• _SOURCE DATA_
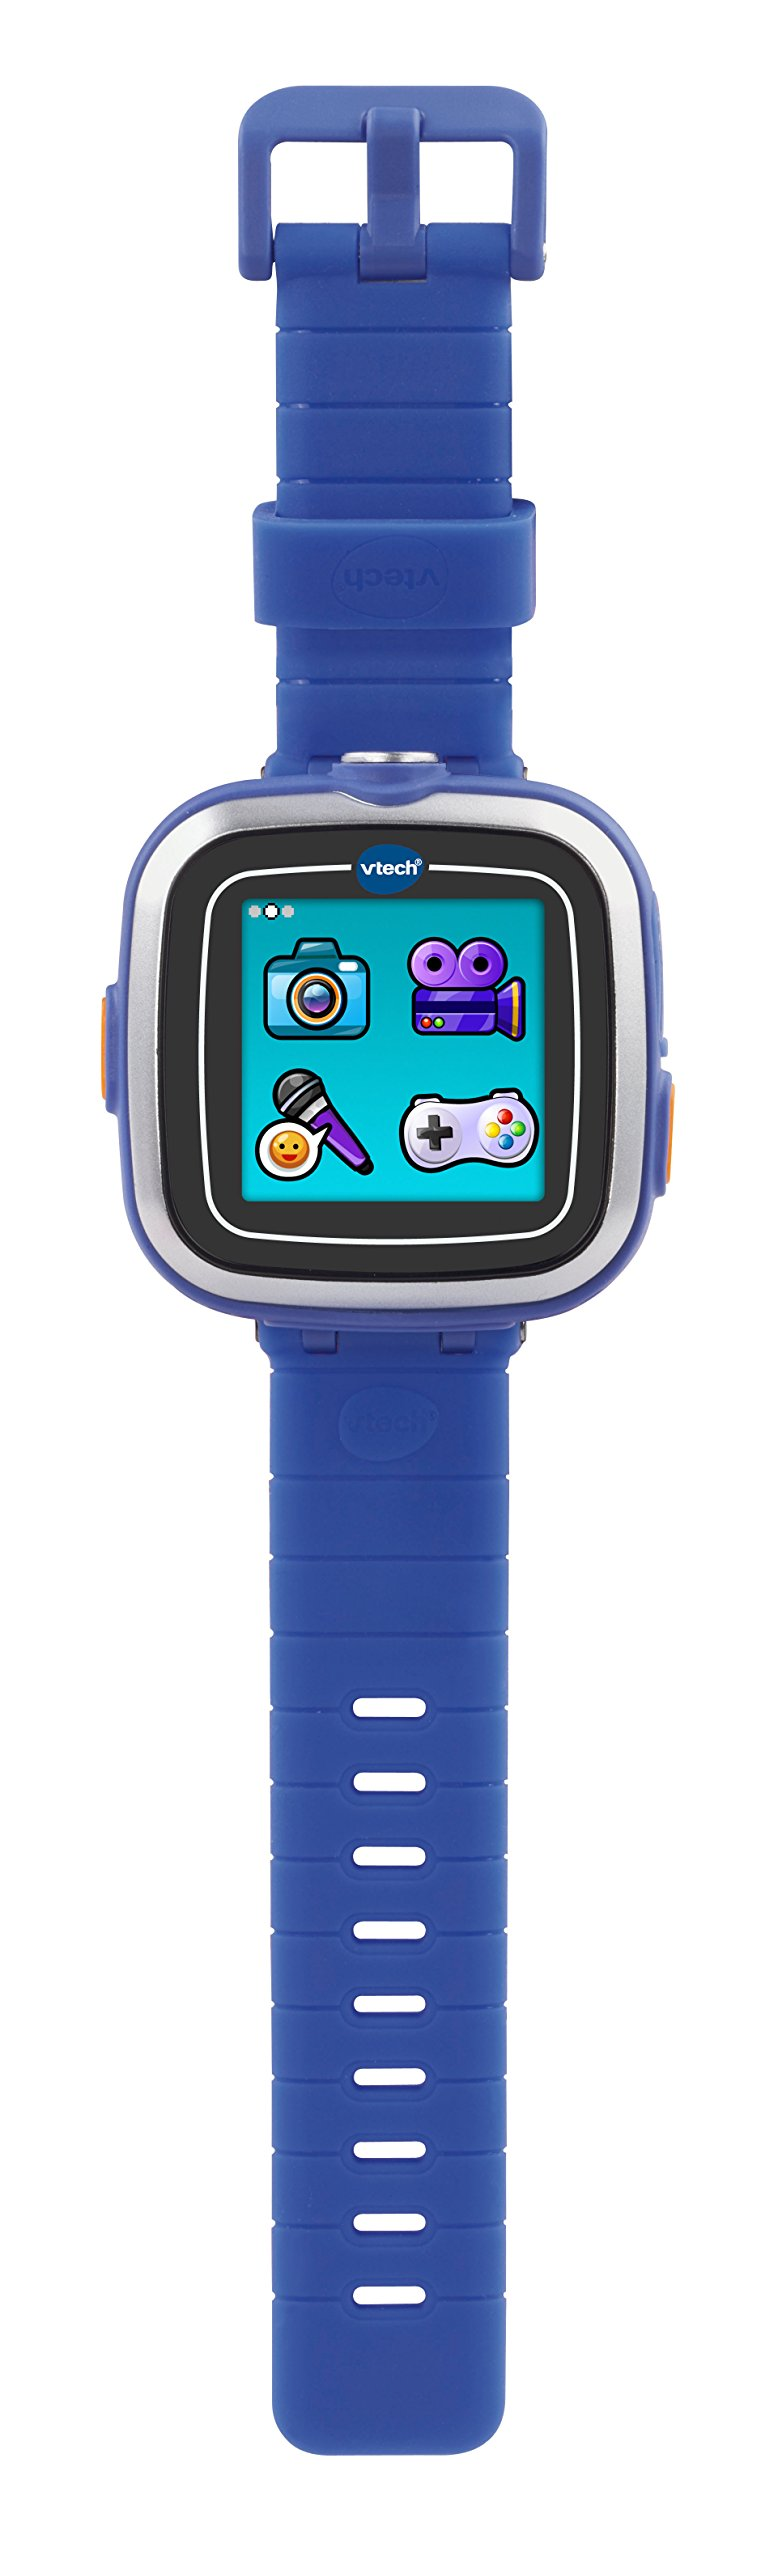 VTech Kidizoom Smartwatch, Blue (Discontinued by manufacturer) by VTech Kidizoom (Image #2)
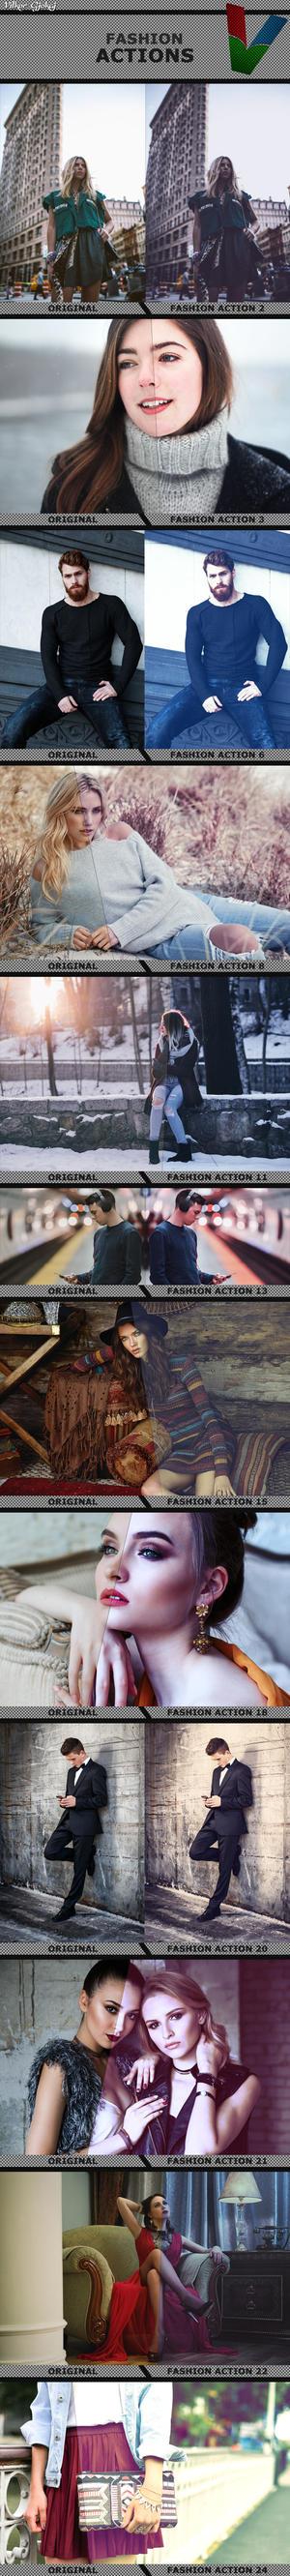 Fashion Actions by ViktorGjokaj
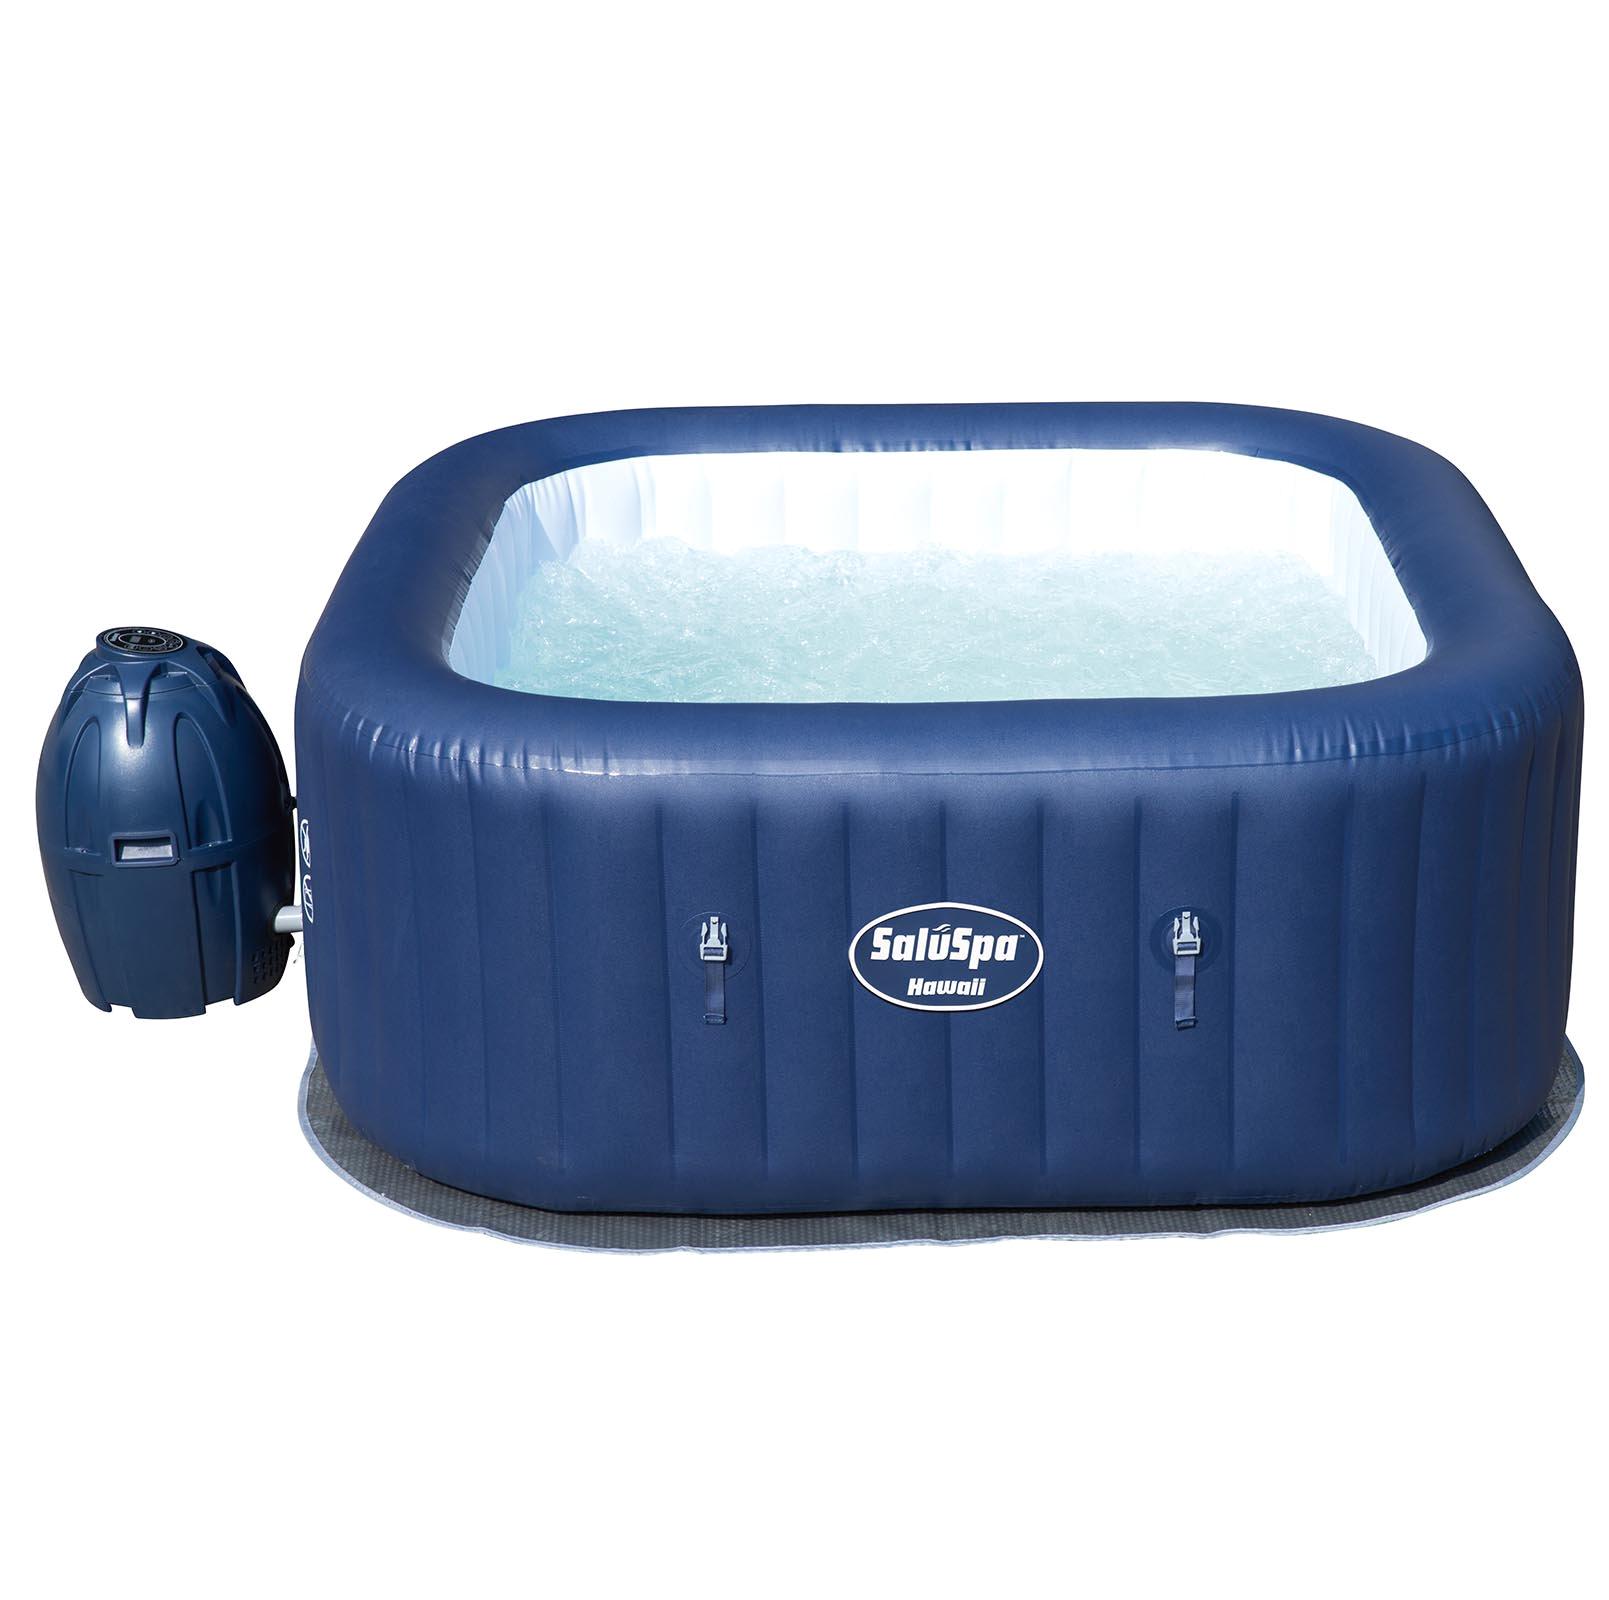 Best Portable Bathtub Jacuzzi Bestway Saluspa Hawaii Airjet 6 Portable Inflatable Spa
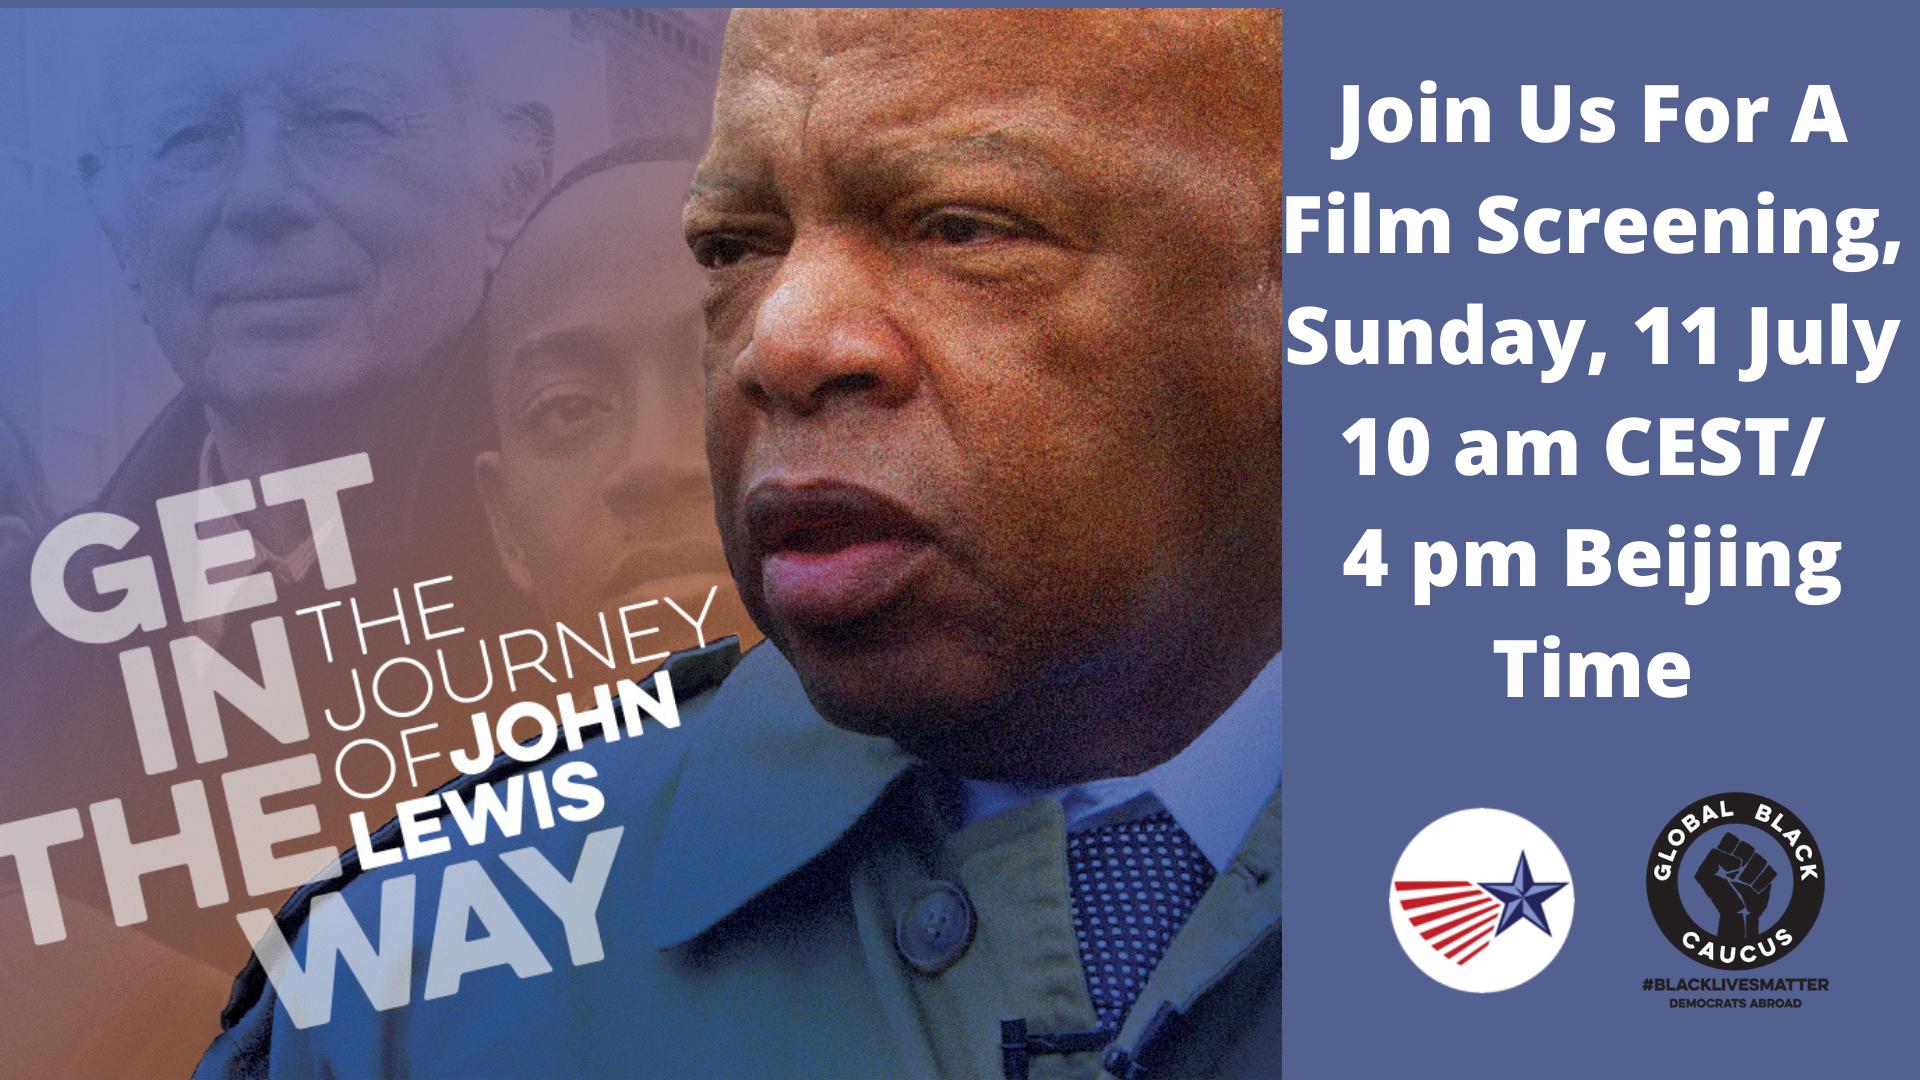 John_lewis_film_screening_1.png

• _TASK DESCRIPTION_
What the answer must hold: all the data above, given again exactly, without pictures.

• _YOUR SOLUTION_
 VTech Kidizoom Smartwatch, Blue (Discontinued by manufacturer) by VTech Kidizoom (Image #2)
 Fashion Actions by ViktorGjokaj
 Best Portable Bathtub Jacuzzi Bestway Saluspa Hawaii Airjet 6 Portable Inflatable Spa
 John_lewis_film_screening_1.png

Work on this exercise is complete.